Problem statement -
Write the data out again, character for character, with no images.

Data section -

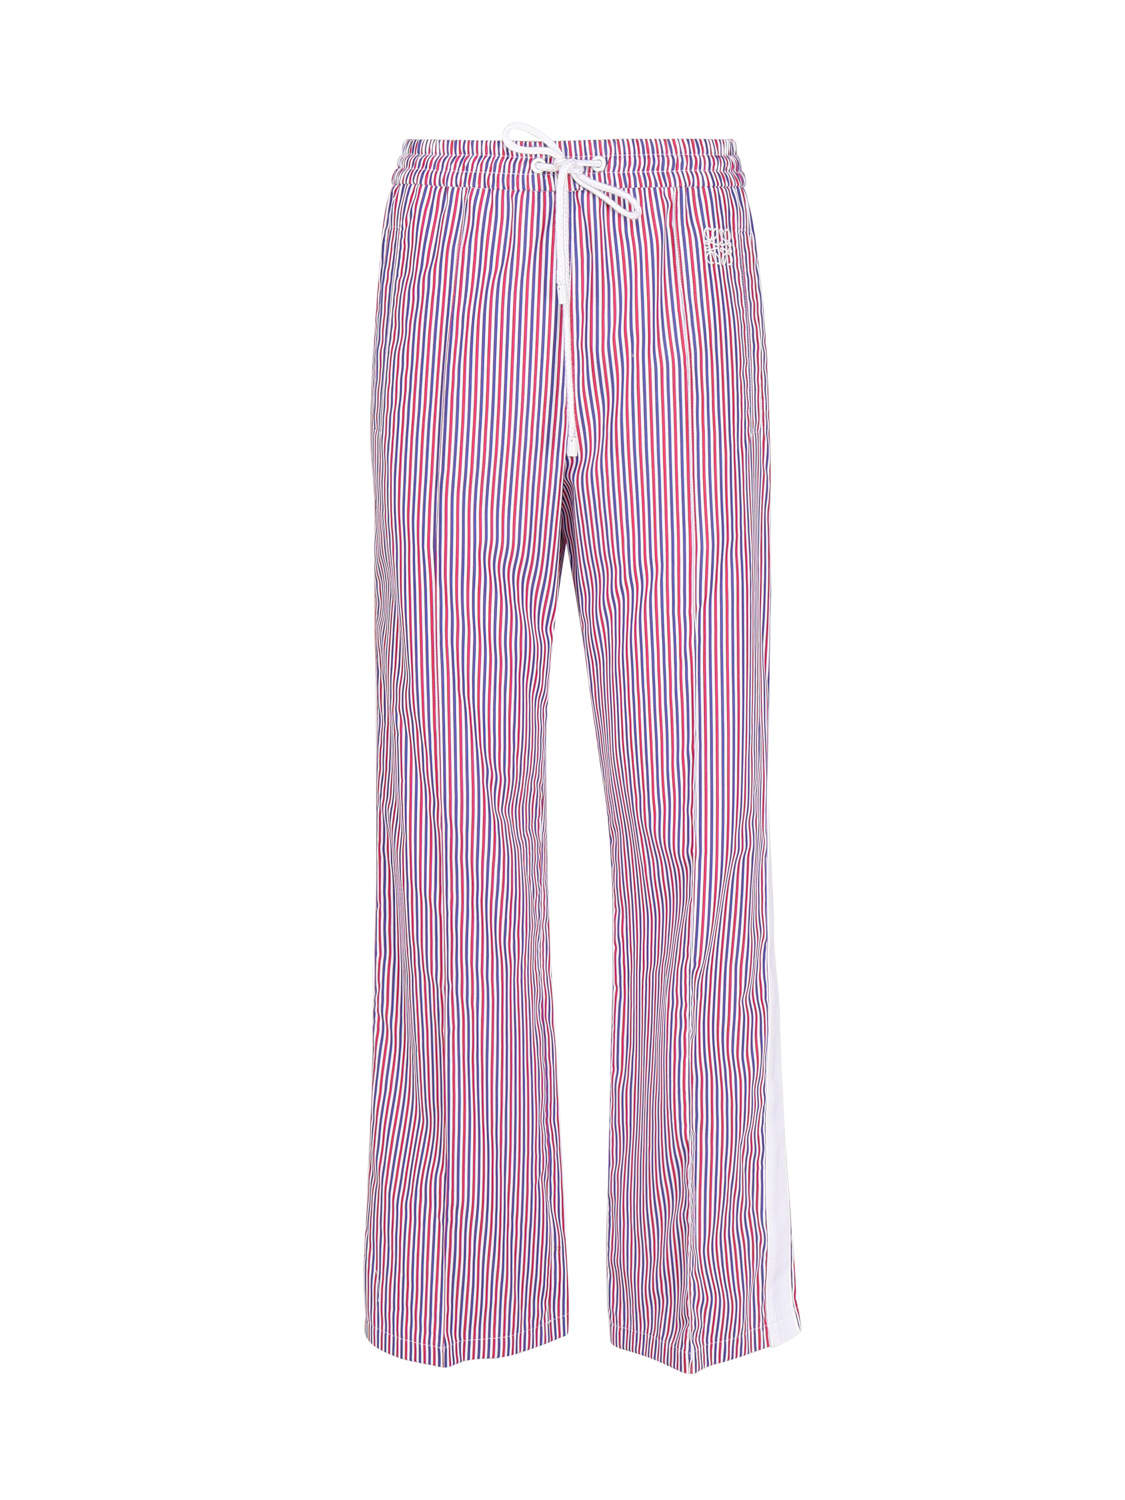 LOEWE STRIPED COTTON TRACKSUIT TROUSERS
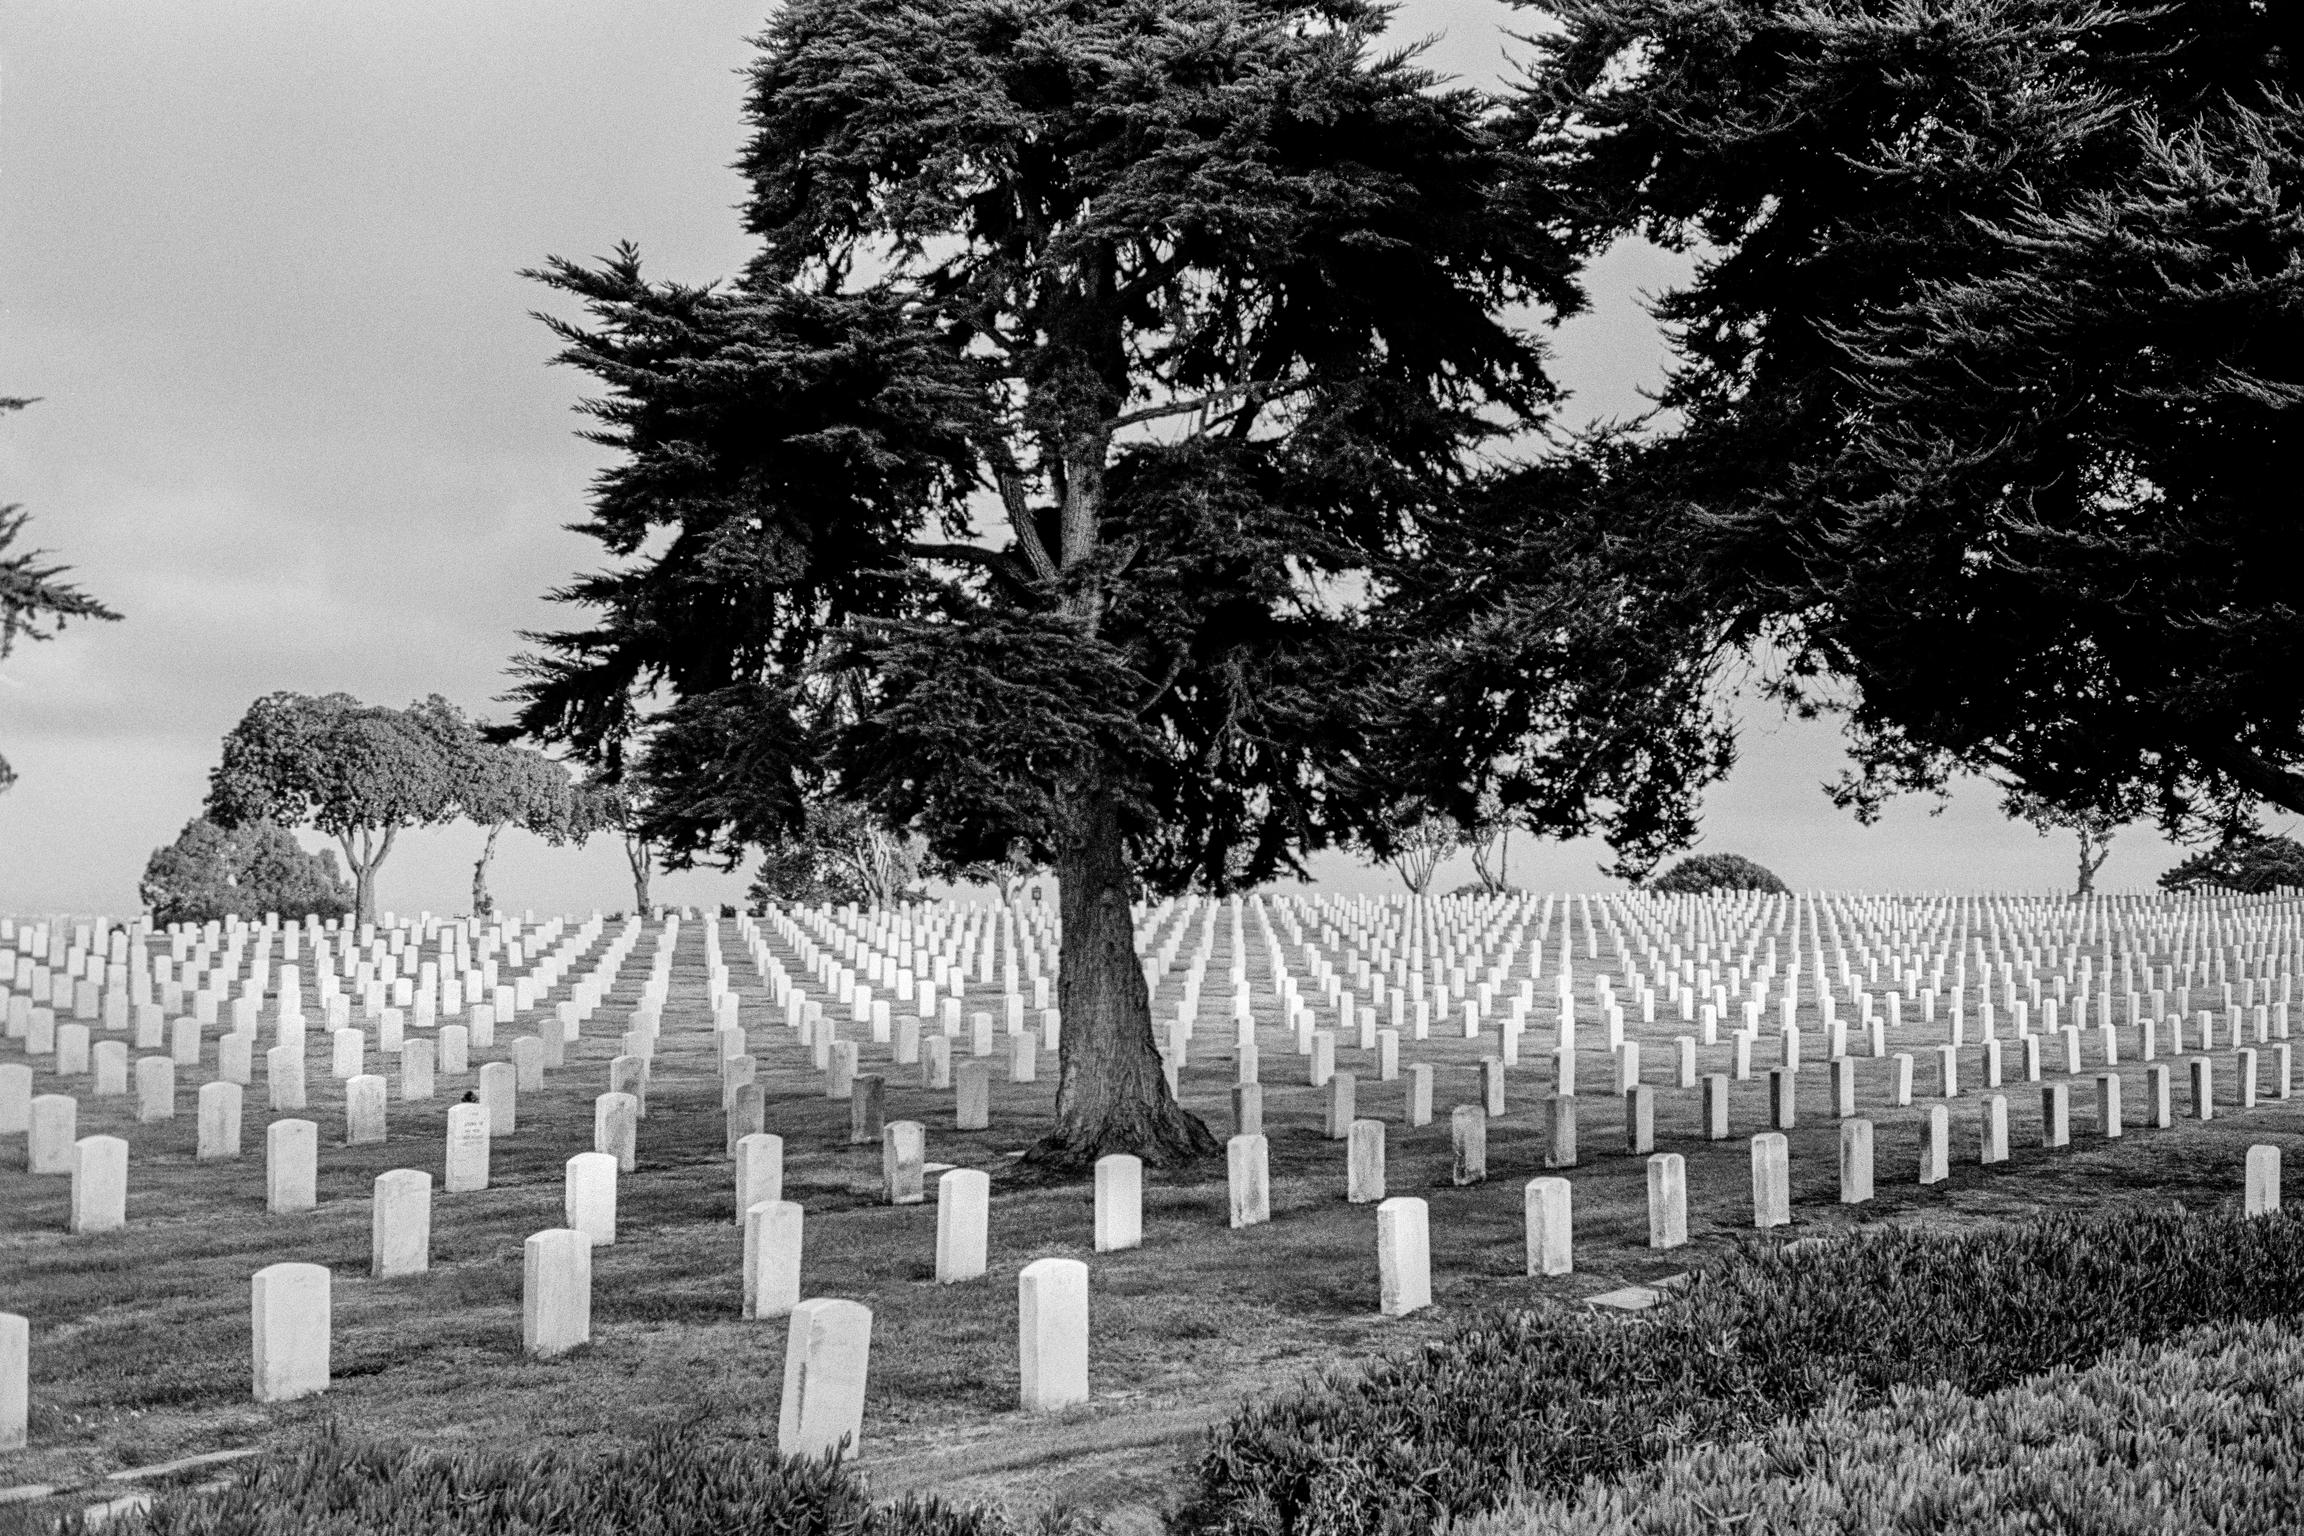 Fort Rosecrans National Cemetery. The federal military cemetery in the edge of the city. San Diego. California, USA
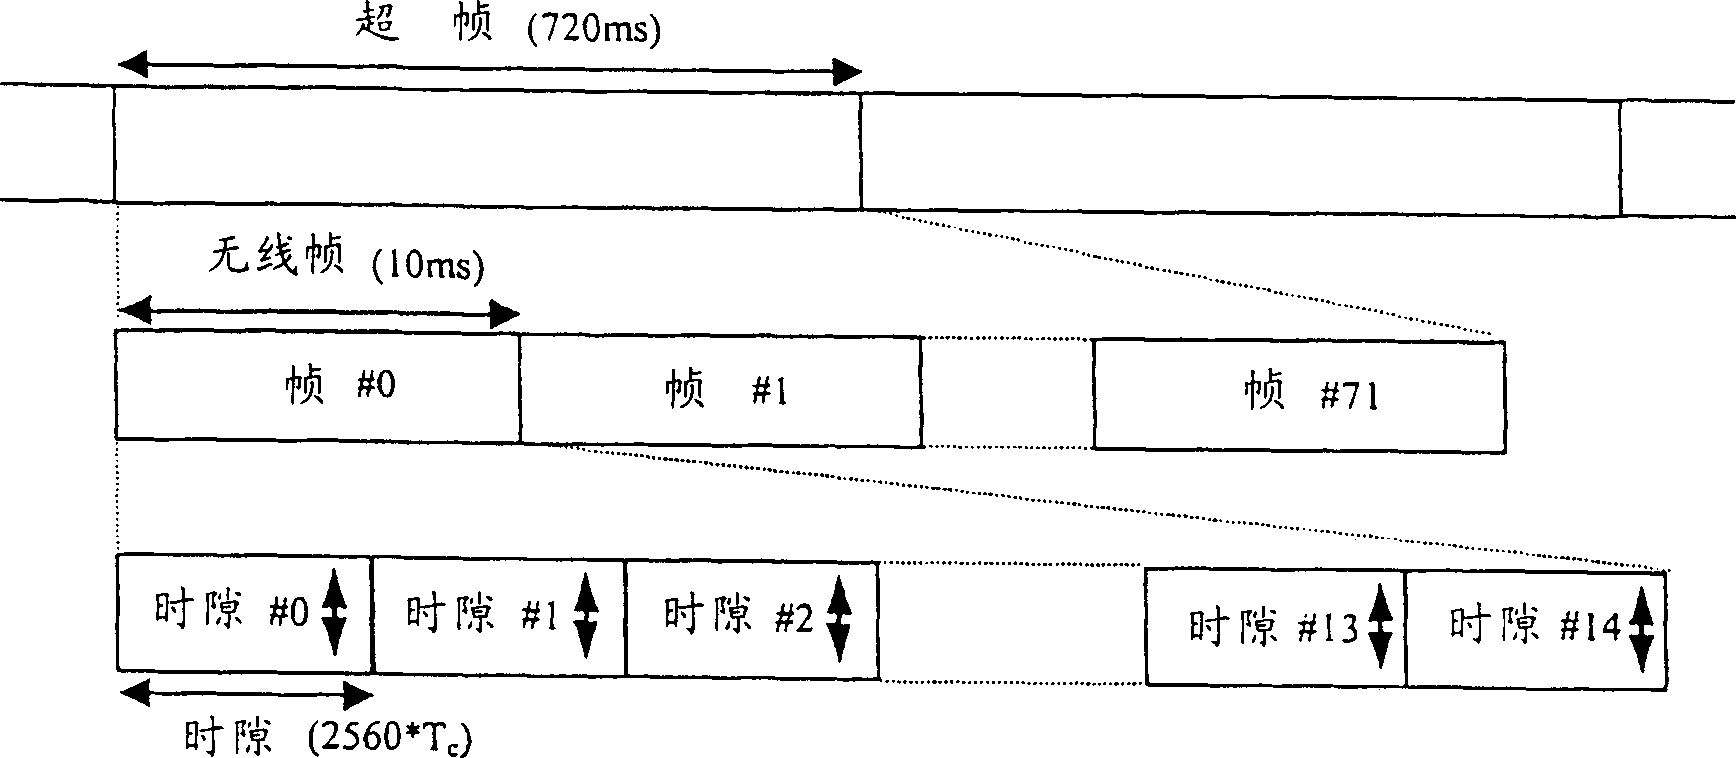 TDD framing method for physical layer of wireless system

Task output -
 LOEWE STRIPED COTTON TRACKSUIT TROUSERS
 Fort Rosecrans National Cemetery. The federal military cemetery in the edge of the city. San Diego. California, USA
 TDD framing method for physical layer of wireless system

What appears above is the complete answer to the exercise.